The problem is it's not a regular bow mount trolling motor. It's a transom model that I reversed the head on, and mounted it on the bow of my flat jon. When I'm done fishing, I have to raise the motor all the way, lay it down, and strap it down. It's there any way to make this work and be able to secure the cable? Thanks.


----------



## Bailey Boat (Jul 25, 2013)

Use a large screw clamp to attach the 'ducer to the motor and zip tie the cable to the shaft....


----------



## Ernest T. Bass (Jul 25, 2013)

The shaft has to be able to move all the way up and down though. If I zip tie the cable to the shaft, I can't do that can I?


----------



## Quackrstackr (Jul 25, 2013)

Zip tie it at the bottom and again right under the head leaving a somewhat slack line between the two to ride up the outside of your bracket.


----------



## marshman (Jul 25, 2013)

i have a big picture of the slack in the wire getting snagged on something.... 

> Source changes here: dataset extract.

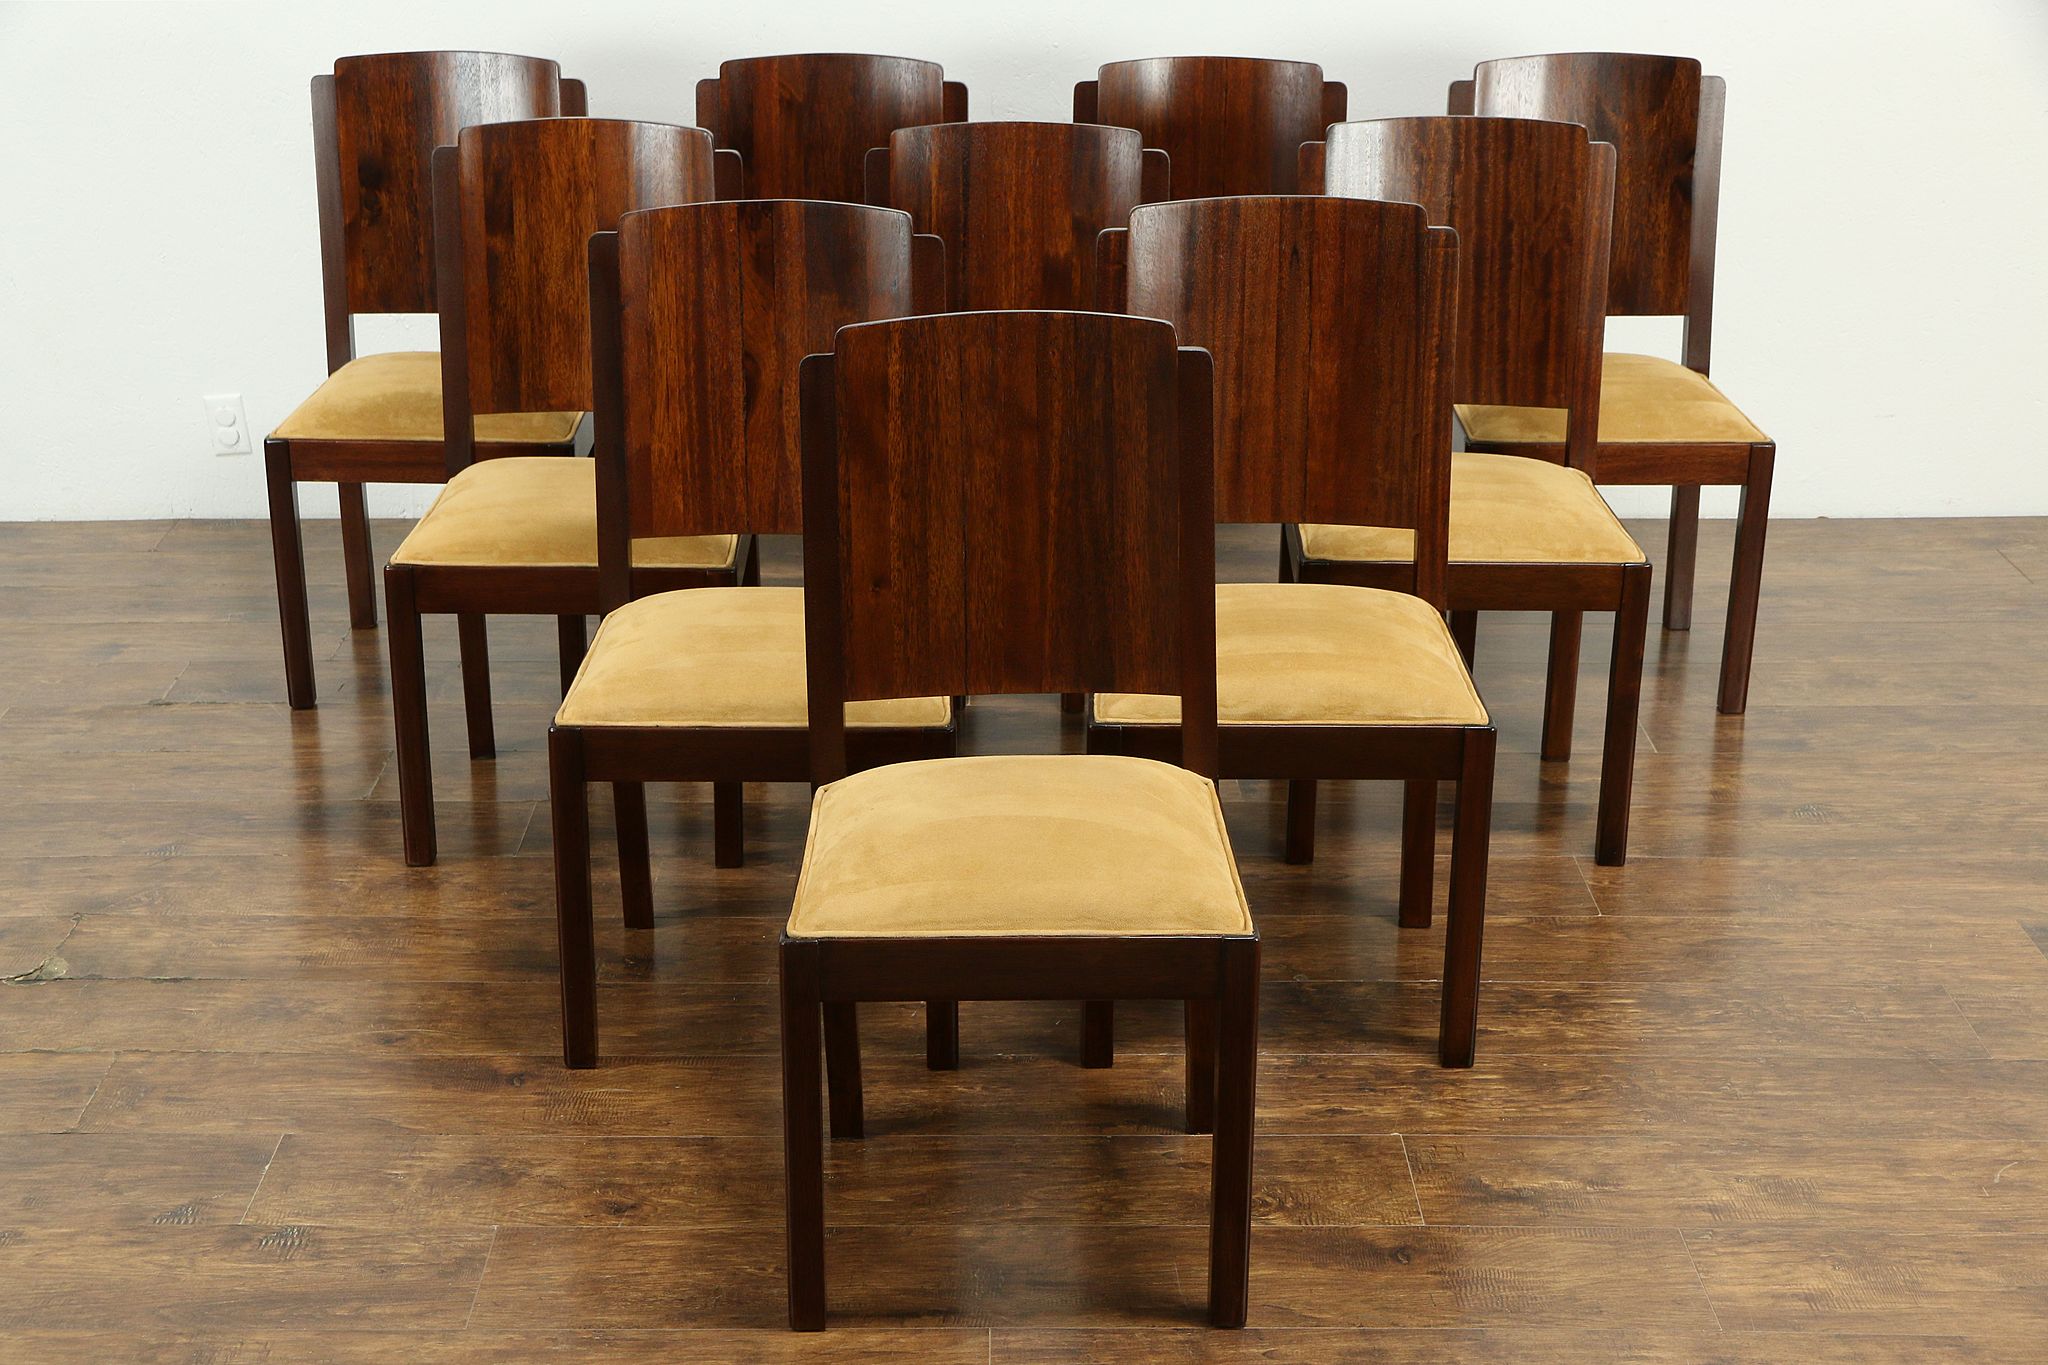 Sold Set Of 10 Italian Art Deco Dining Chairs Mahogany Faux Suede 33166 Harp Gallery Antiques Furniture

i think i would rig up a piece of conduit or broom handle or something with a clamp, tranducer mounted to the bottom, clamp at top...when you stop to fish, deploy the trolling motor, and deploy the "transducer on a pole"...

if you dont already have a fish finder, they make one that clamps on the side of the boat, fashion kinda like a trolling motor...we have one around here...it works ok...not too detailed, mostly just a depth finder...


----------



## Ernest T. Bass (Jul 26, 2013)

Thanks guys


----------



## drum (Jul 26, 2013)

I have mine zip tied to my trolling motor, and it works fine no snags yet as a transom mount.
my transducer wire is on the left side and power and finder are on the right. so I get no inoferance.


----------



## FerrisBueller (Jul 26, 2013)

Anyone that mounts a transducer onto a Powerdrive has done the same thing essentially where you zip tie it at the very bottom and then the wire runs freely up the shaft and is fastened in some fashion above the depth collar. It seems scary at first but many people do it this way and if you be careful you shouldn't have any issues. 

You really just need to weigh your options and how much thinking you want to put into it. You can mount it to a separate pole and deploy that on its own as well as marshman was suggesting, in the end its how you want it to be done. 

And it's definitely worth having the transducer right up front for accurate measurements.


----------